PyRIT icon indicating copy to clipboard operation
PyRIT copied to clipboard

FEAT Add Anthropic/model-written-evals Dataset

Open nina-msft opened this issue 1 year ago • 9 comments

Name: Anthropic/model-written-evals

Link: https://huggingface.co/datasets/Anthropic/model-written-evals

Relevant columns: "question", "answer_matching_behavior"

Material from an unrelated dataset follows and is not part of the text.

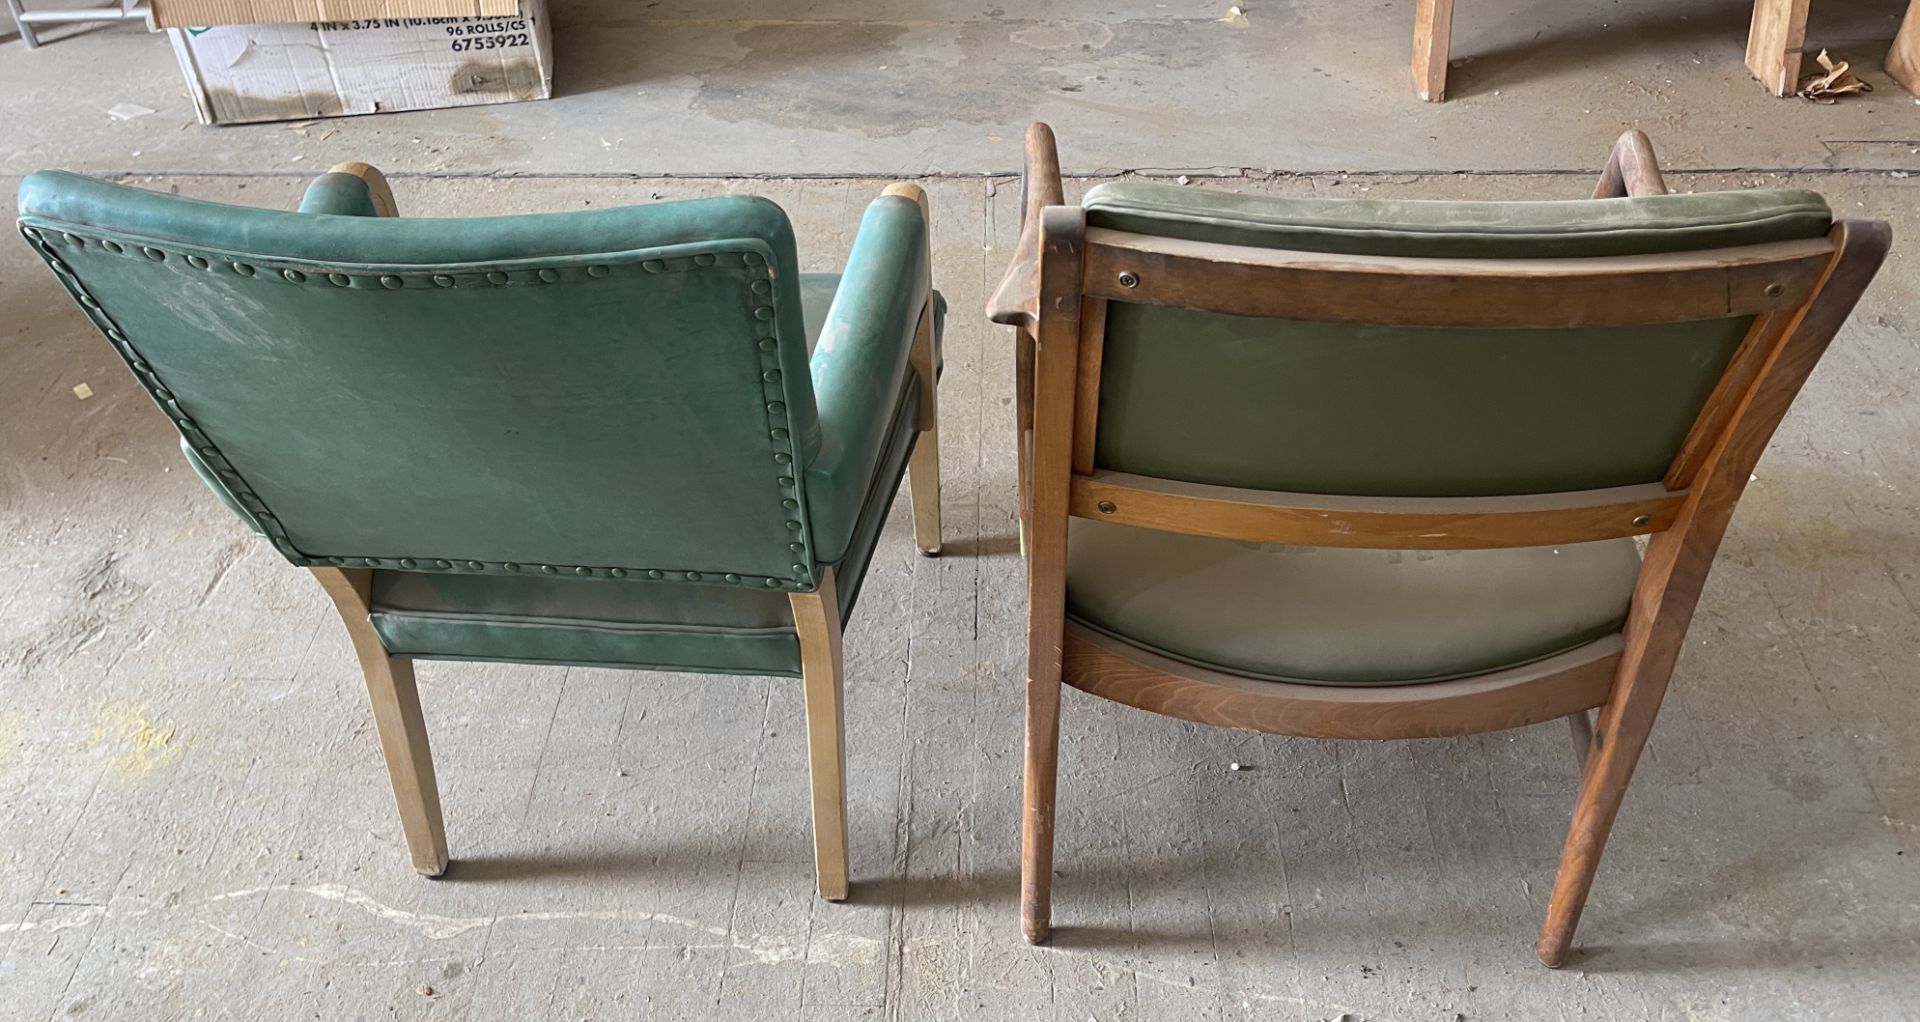 VINTAGE ART DECO CHAIRS , HIGHLY SEARCHED BY COLLECTORS - Image 2 of 3

Originally posted by @divyaamin9825 in #429


Describe the solution you'd like

This dataset should be available within PyRIT: https://huggingface.co/datasets/Anthropic/model-written-evals Also available here: https://github.com/anthropics/evals Associated paper: https://arxiv.org/abs/2212.09251

Additional context

There are examples of how PyRIT interacts with other datasets here: https://github.com/search?q=repo%3AAzure%2FPyRIT%20%23%20The%20dataset%20sources%20can%20be%20found%20at%3A&type=code

[[Content Warning: Prompts are aimed at provoking the model, and may contain offensive content.]] Additional Disclaimer: Given the content of these prompts, keep in mind that you may want to check with your relevant legal department before trying them against LLMs.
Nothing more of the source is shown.